CanItRun Logocanitrun.
← All apps

Continue

Open-source AI code assistant for VS Code and JetBrains. Tab autocomplete, chat, and agent mode with separate models per role — like a local Copilot.

App type

Coding Agent, Developer Tool

Local models

Yes

OpenRouter

Yes

Ollama

Yes

GPU required

No — runs in the cloud

Best for

Copilot-like autocomplete with local models for privacy

Setup difficulty

Medium

Platforms

VS Code, JetBrains

Pricing

Open source — free

Continue is Open-source AI code assistant for VS Code and JetBrains. Tab autocomplete, chat, and agent mode with separate models per role — like a local Copilot. Continue (31K+ GitHub stars) is an open-source AI code assistant that integrates deeply into VS Code and JetBrains.

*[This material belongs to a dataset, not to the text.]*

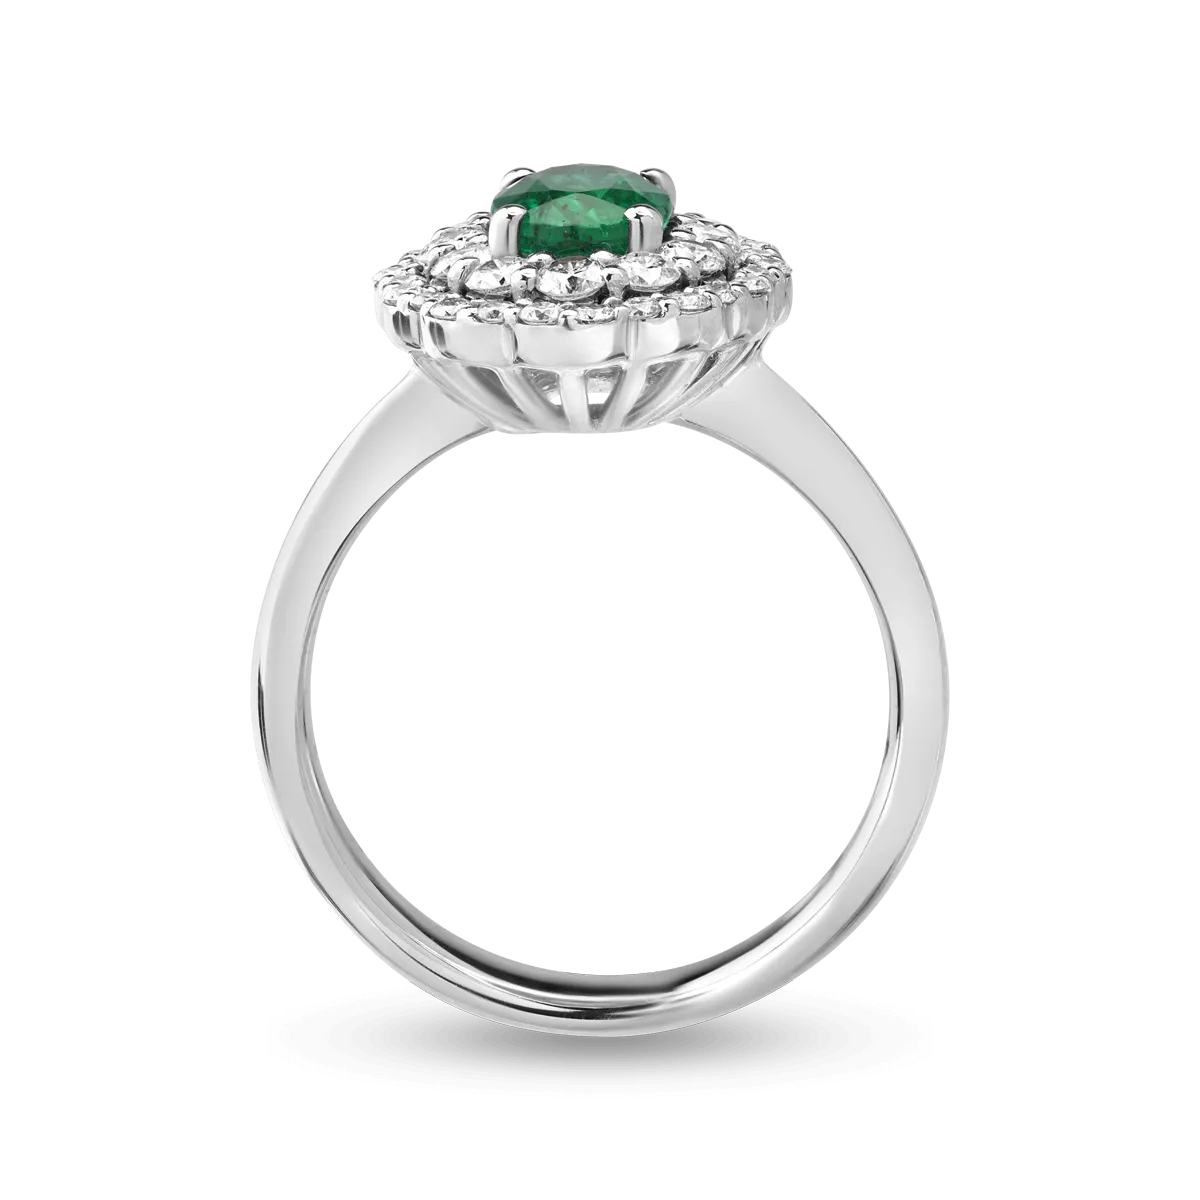 18K white gold ring with 0.66ct emerald and 0.56ct diamonds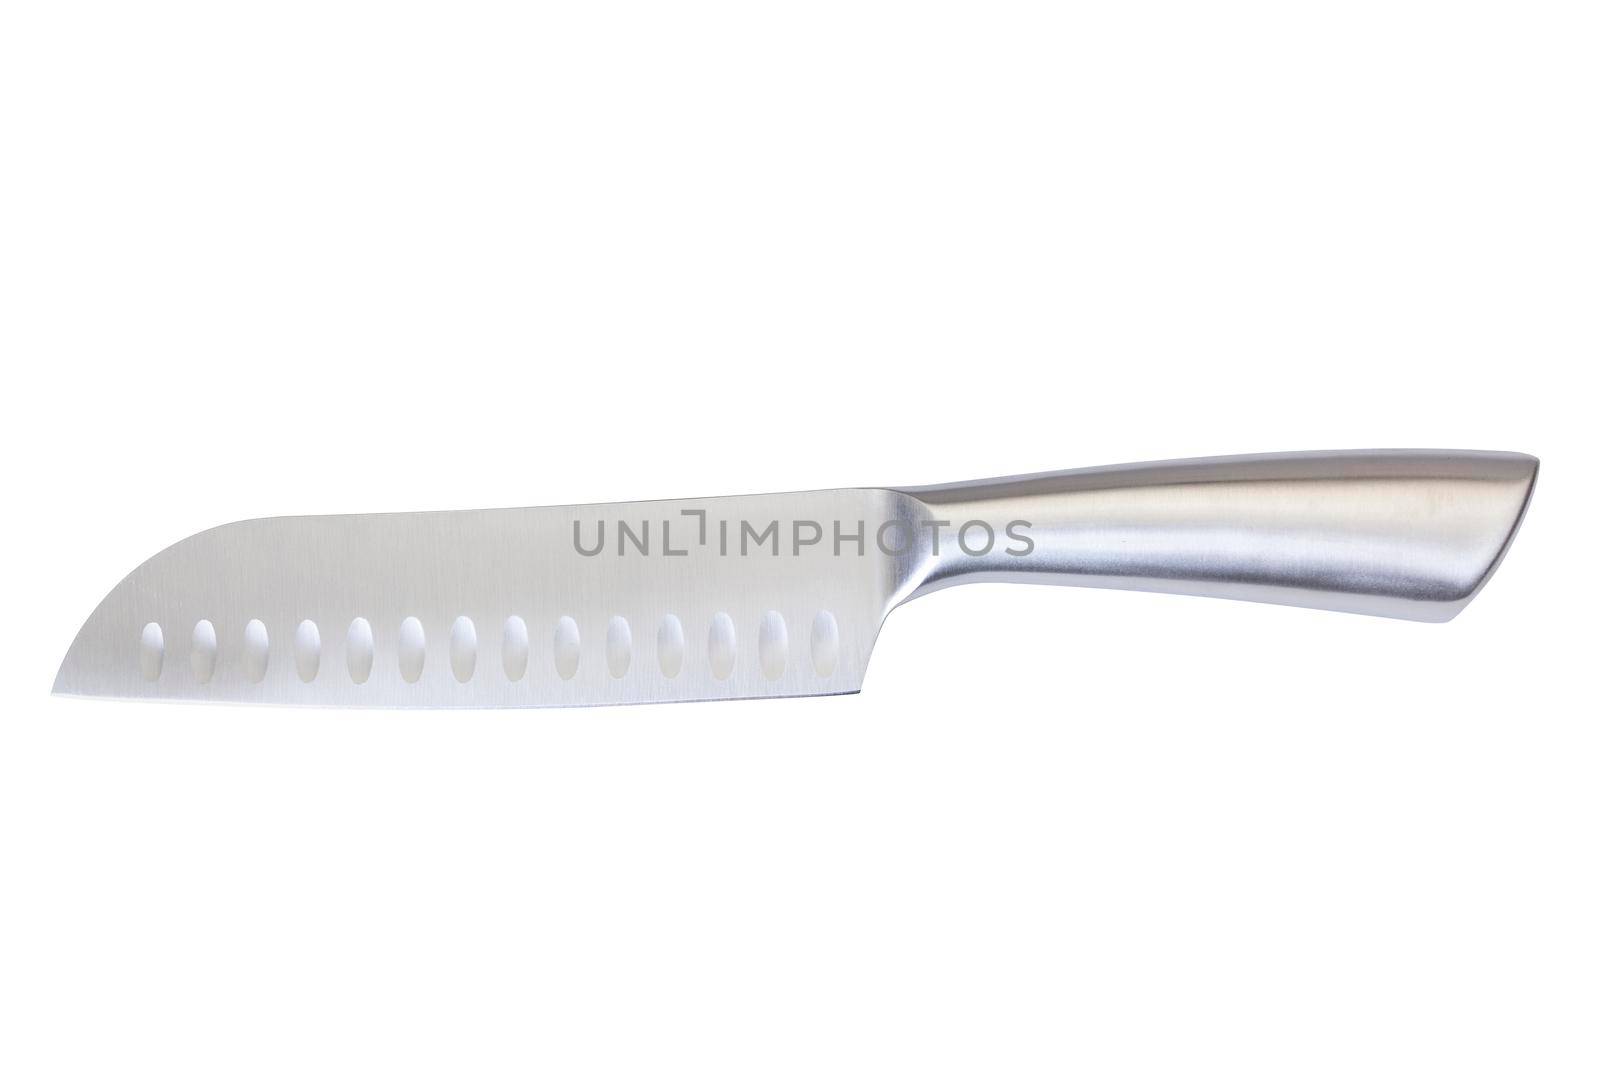 High-quality, high-durable stainless steel Santoku chef's knife, isolated on white with clipping path.

Continue works with both local models and cloud APIs. It supports OpenRouter for unified access to 300+ models from a single API. Ollama integration lets you run models locally on your own GPU. Continue is open source (https://github.com/continuedev/continue), so you can inspect the code and self-host. 8 GB VRAM for 7B autocomplete/chat models. 16 GB for 14B agent mode. Agent mode with local models requires explicit tool_use capability config.

Can it run on my hardware?

Minimum

8 GB VRAM for 7B autocomplete/chat models. 16 GB for 14B agent mode. Agent mode with local models requires explicit tool_use capability config.

Recommended

16 GB VRAM for Qwen3-14B at Q4 as agent model. 24 GB+ for Qwen3.5-35B-A3B MoE. Consider using a small local model for autocomplete and a cloud model via OpenRouter for agent tasks.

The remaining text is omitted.